Изменить стиль страницы

Отец был «думцем» у князя Старицкого. Звучит простовато. «Рождённые для мысли»? «Проникающие в суть»? Спросить у толмачей в Посольском, как будет на латинице «в суть проникающие»: inter legentes?

Неупокоя могли убить. Похитить. Кто-то мог догадаться, что он работает на Колычева. Осторожная разведка в кабаке Штадена ничего не дала. Исчезновение пятидесятника Игната Шишкина связывало его с Неупокоем. Дальше было пусто.
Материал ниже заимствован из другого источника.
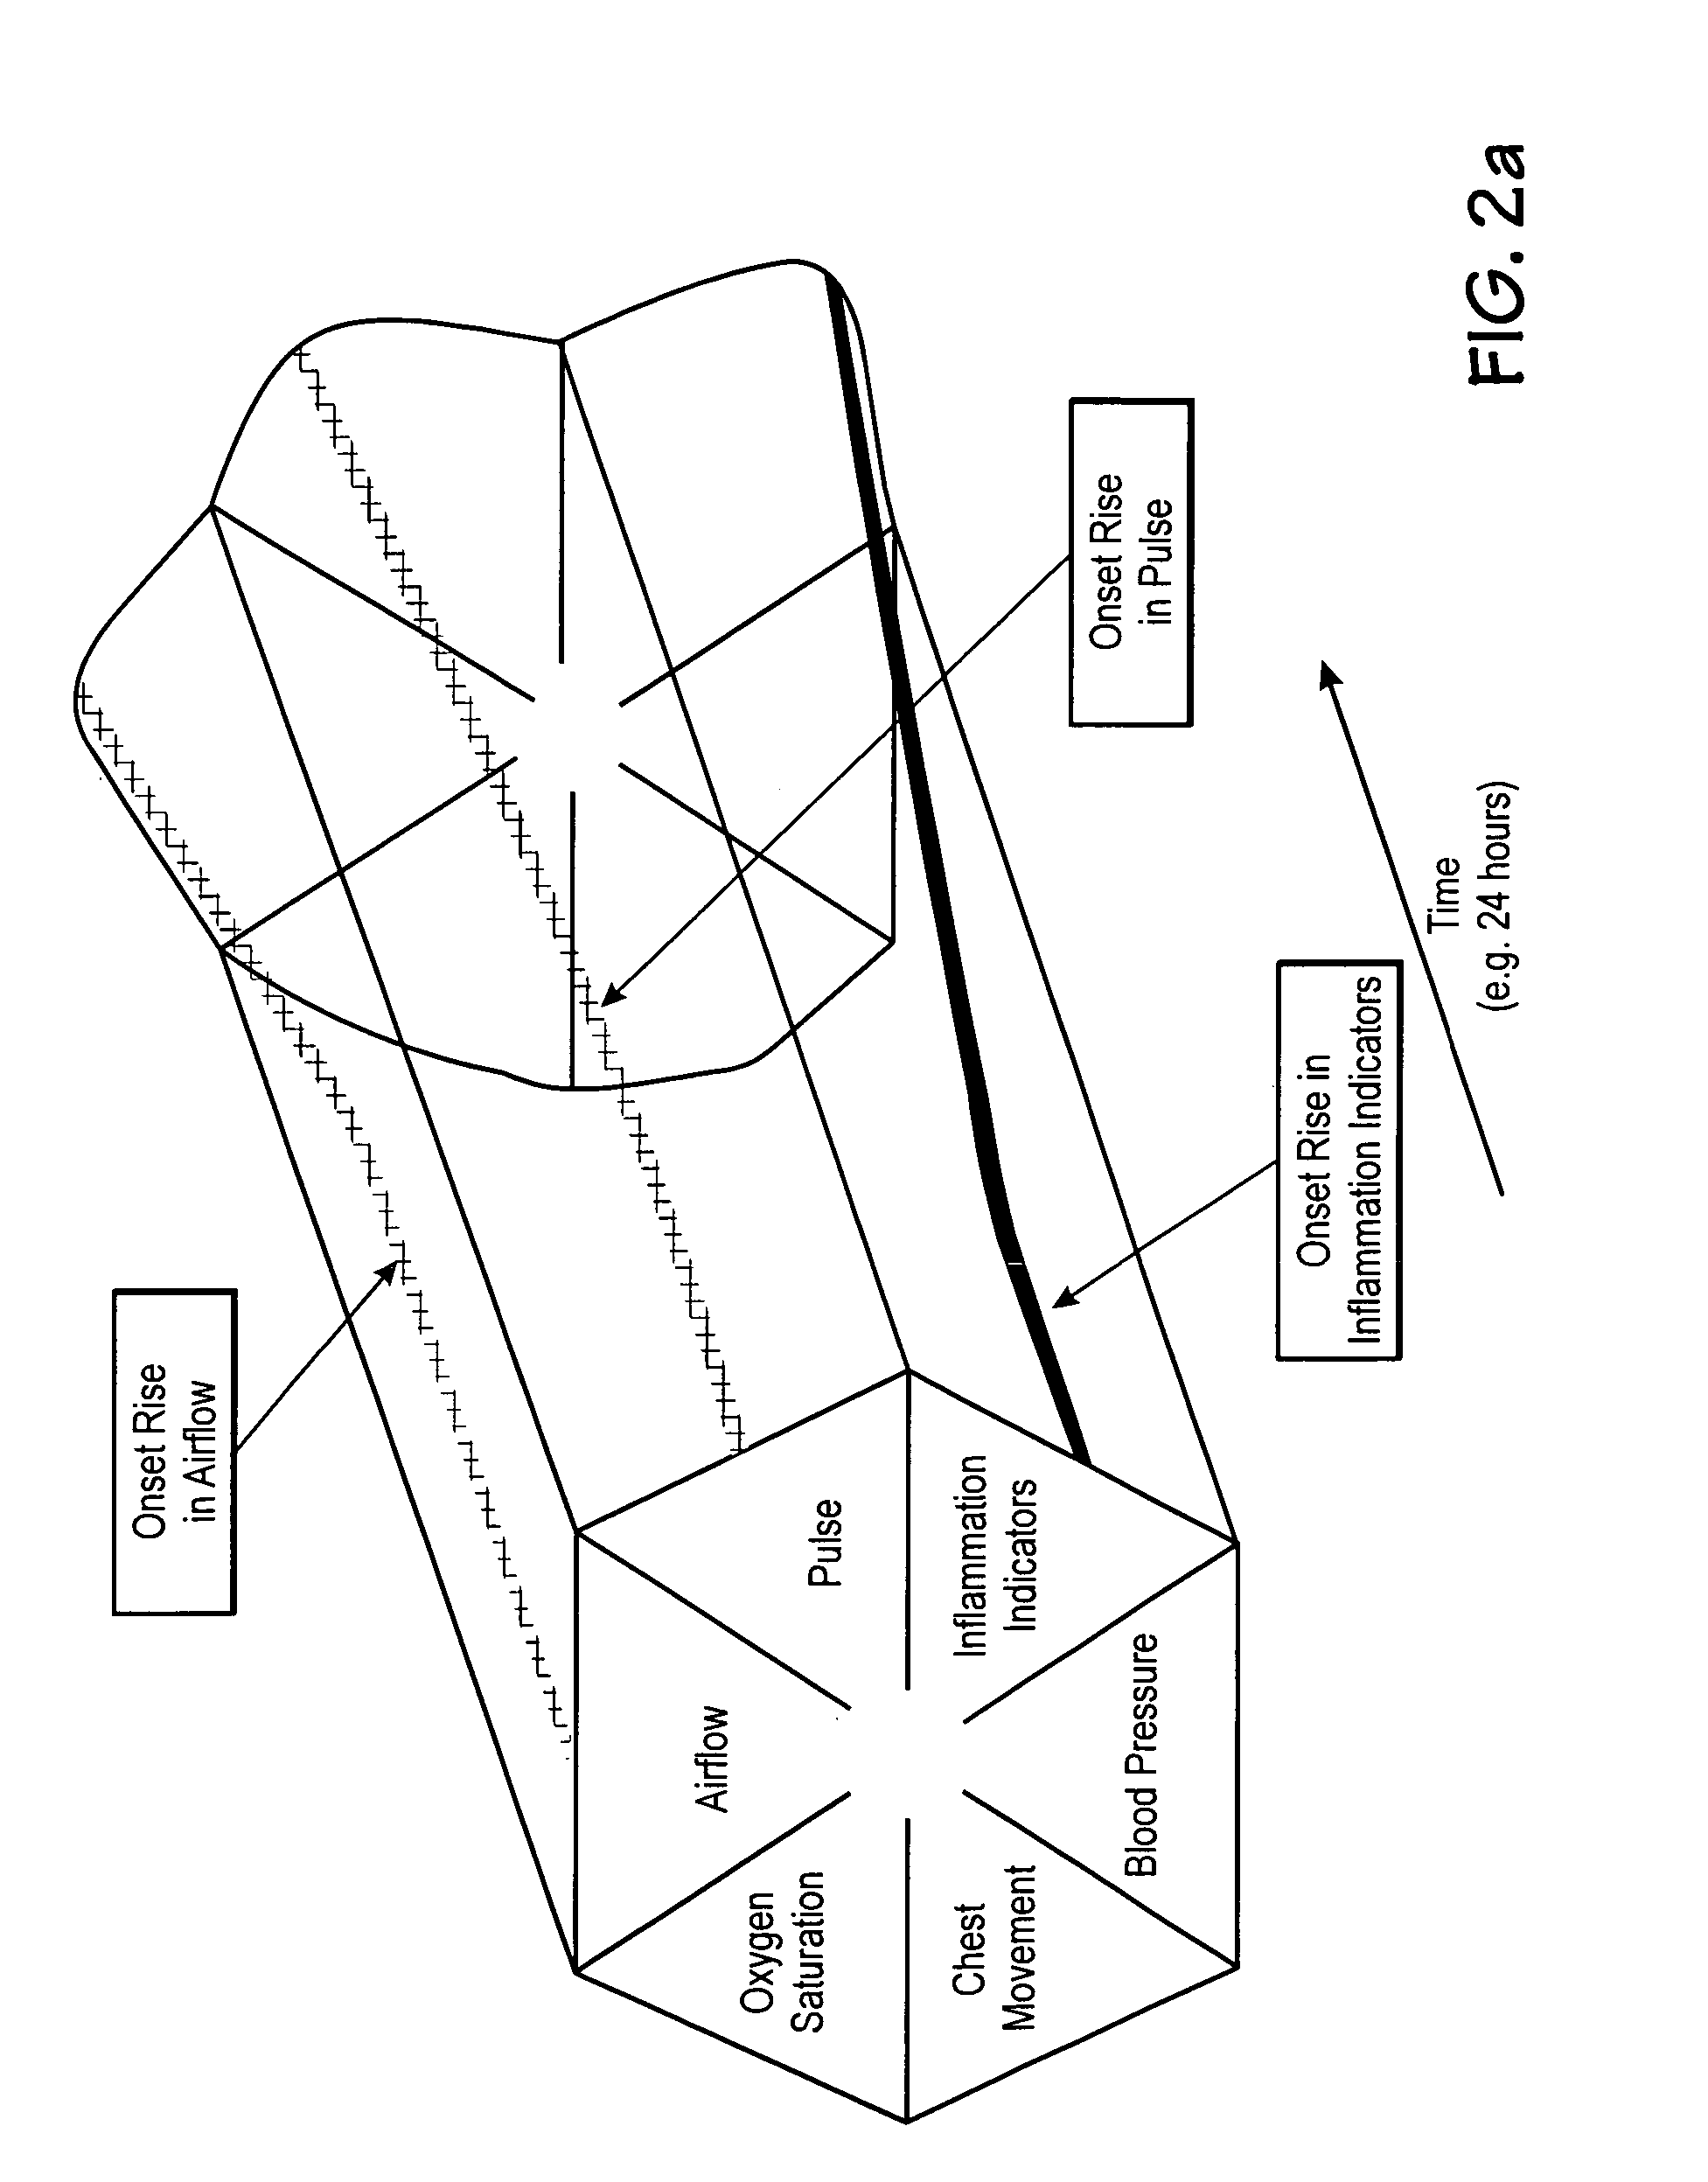 Microprocessor system for the analysis of physiologic and financial datasets
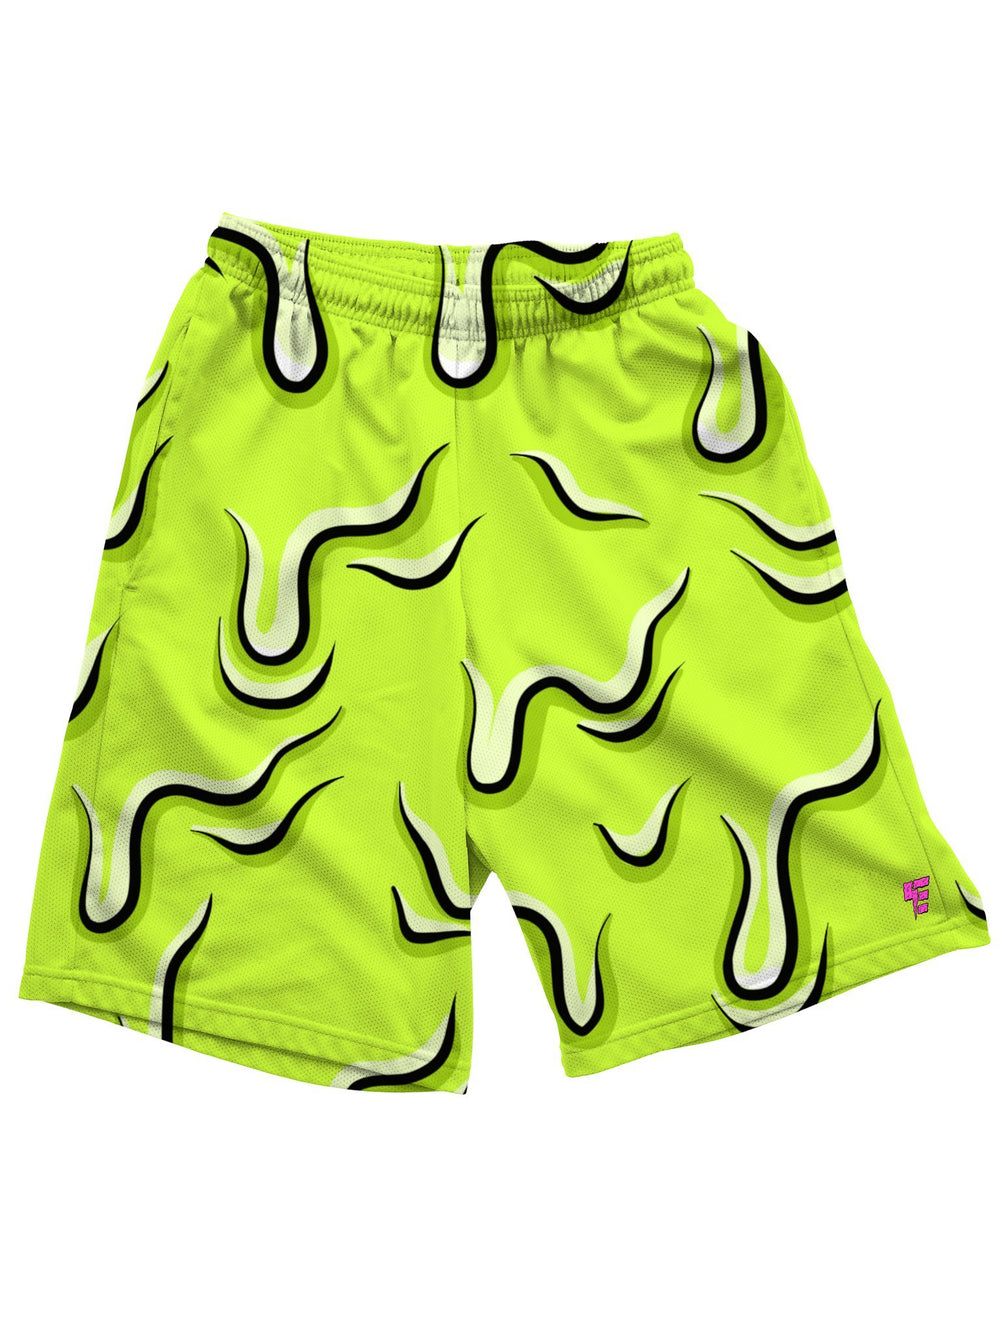 Mens Shorts: Perfect For Rave Festivals, Swimwear or the Gym Page 2 ...

Не посвящённый в детали, но заинтригованный Василий Яковлевич Щелкалов (он получил недавно «вича» вместе с должностью главного дьяка Разбойного приказа) больше ничем не мог помочь. У него была своя забота — новые секты «христов» и Параскевы Пятницы. В Москве явился новый «Христос» Иван Емельянов, дурил посадским головы. О нём уже ходила байка, будто государь призвал его к себе для предсказания будущего и спросил: «Правда ли, Ванька, что ты...» Емельянов прервал его: «Ванька — это ты, беспутный царишка, а я сын божий Иоанн». Государь бросился на него с посохом и видит, что перед ним стоит Спаситель и грозит перстом. Отворотился государь и приказал: «Иди на все четыре стороны». Услышав эту байку, государь велел хватать еретиков.

Щелкалов распорядился ловить блажных на улицах и приводить в Земскую избу. Михайло Монастырёв заронил мысль, что порченые жёнки как-то связаны с ногайцами, приятелями пропавшего Игната. Василий Яковлевич разрешил Умному допрашивать сектантов. Скоро к Василию Ивановичу на Арбат прислали трёх мужиков и женщину. Женщину уже допросили земские казаки жестоко и цинично. Василию Ивановичу нетрудно было сыграть возмущённого благодетеля, он велел принести чистую хламидку взамен изодранных рубах, хотя то, что казаки сделали с женщиной, просвечивало бы, наверно, и сквозь иноческое облачение.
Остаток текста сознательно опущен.